Re the impact of the recursion, that's actually zero for the search code since clang does a tail call optimization; it's a fair point for the removal code.


Bagwell’s HAMT paper is one of my favourite data structure papers! Thanks for sharing!

In case this is unfamiliar topic - immutable value based programming is super cool because it simplifies the cognitive load of reasoning about your program - hence enabling you to write better programs per-unit-of-effort consumed.


If you're interested in persistent data structures for C++, then I highly recommend Immer. High quality and easy to work with.

https://github.com/arximboldi/immer


I just did a bit of a write-up on HAMTs and you can find it here: https://photonlines.substack.com/p/grokking-hash-array-mappe...

I actually included your repo as well in the mentions at the end of the article so hopefully it helps :)


Nice!

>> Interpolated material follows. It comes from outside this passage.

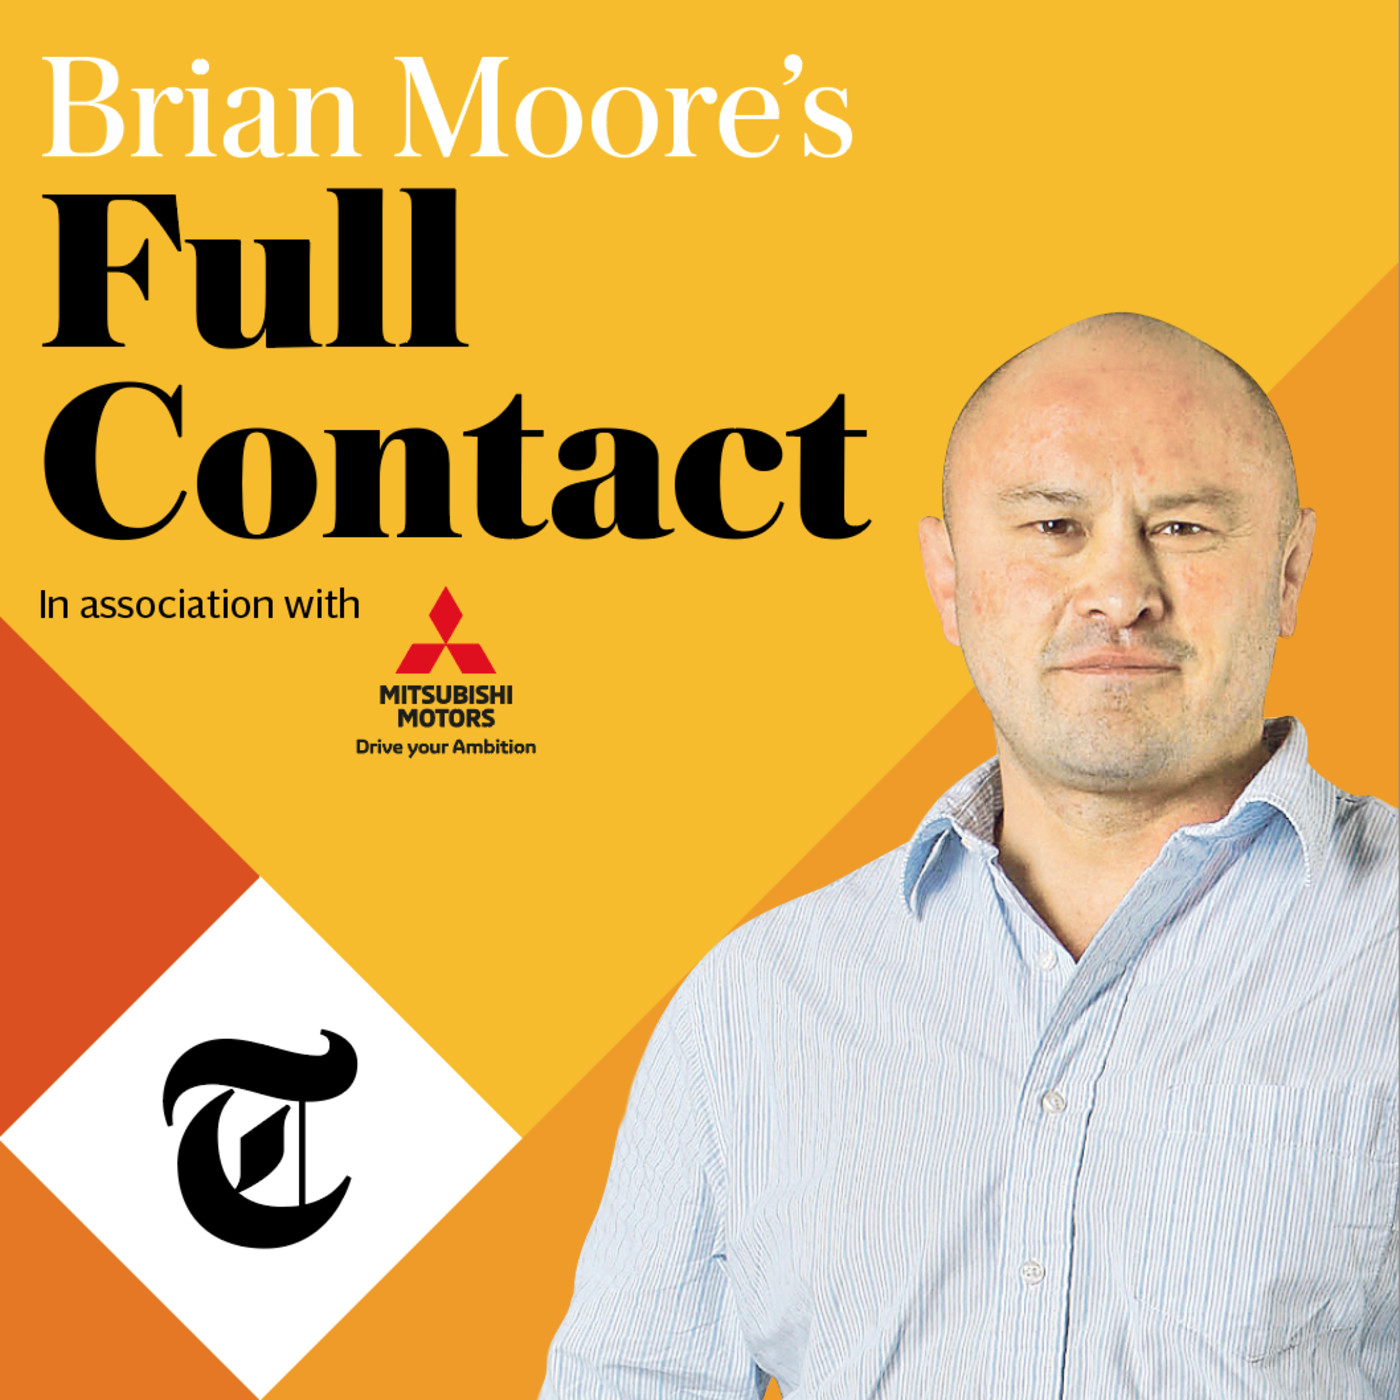 Episode 11: Brian Moore's Full Contact

I think you should really add a userdata member to hamt_allocator. Not every memory allocator is global!


Agree. I was trying to mostly mimick the libavl API, hence the design decision.


That's cool! I recently had GPT-4 write me a HAMT in C++, and it somewhat works, a lot of the basics are there. I ran out of time but am planning on fixing it up with instruct. It missed a lot of stuff and its tests run but they aren't very good.


Doc fix: Iterators section repeats a code block with these declaration from the previous section:

  size_t hamt_size(const struct hamt *trie);
  const void *hamt_get(const struct hamt *trie, void *key);


Is enum { N = 5; }; legal C now with the semiclolon inside the braces?


Nice work! what were some of the biggest challenges getting this to work?


#1 doing it in many 20-30min batches with little kids

#2 see #1

Jokes aside, IMHO there was not a single challenge standing out in terms of implementation; getting the pieces to work together and finding residual bugs was hard. LLDB was my friend but still missing valgrind on Mac. Writing (and re-writing) the docs really helped with mental clarity and not having to stress about a deadline was not hurting either. I often just closed the lid and made it my future self's problem with good success ;-)

Oh, and one thing I am proud of: how well the recursive search generalized to path copying. That came together very nicely.


I like how readable the code and docs are. Thanks for sharing.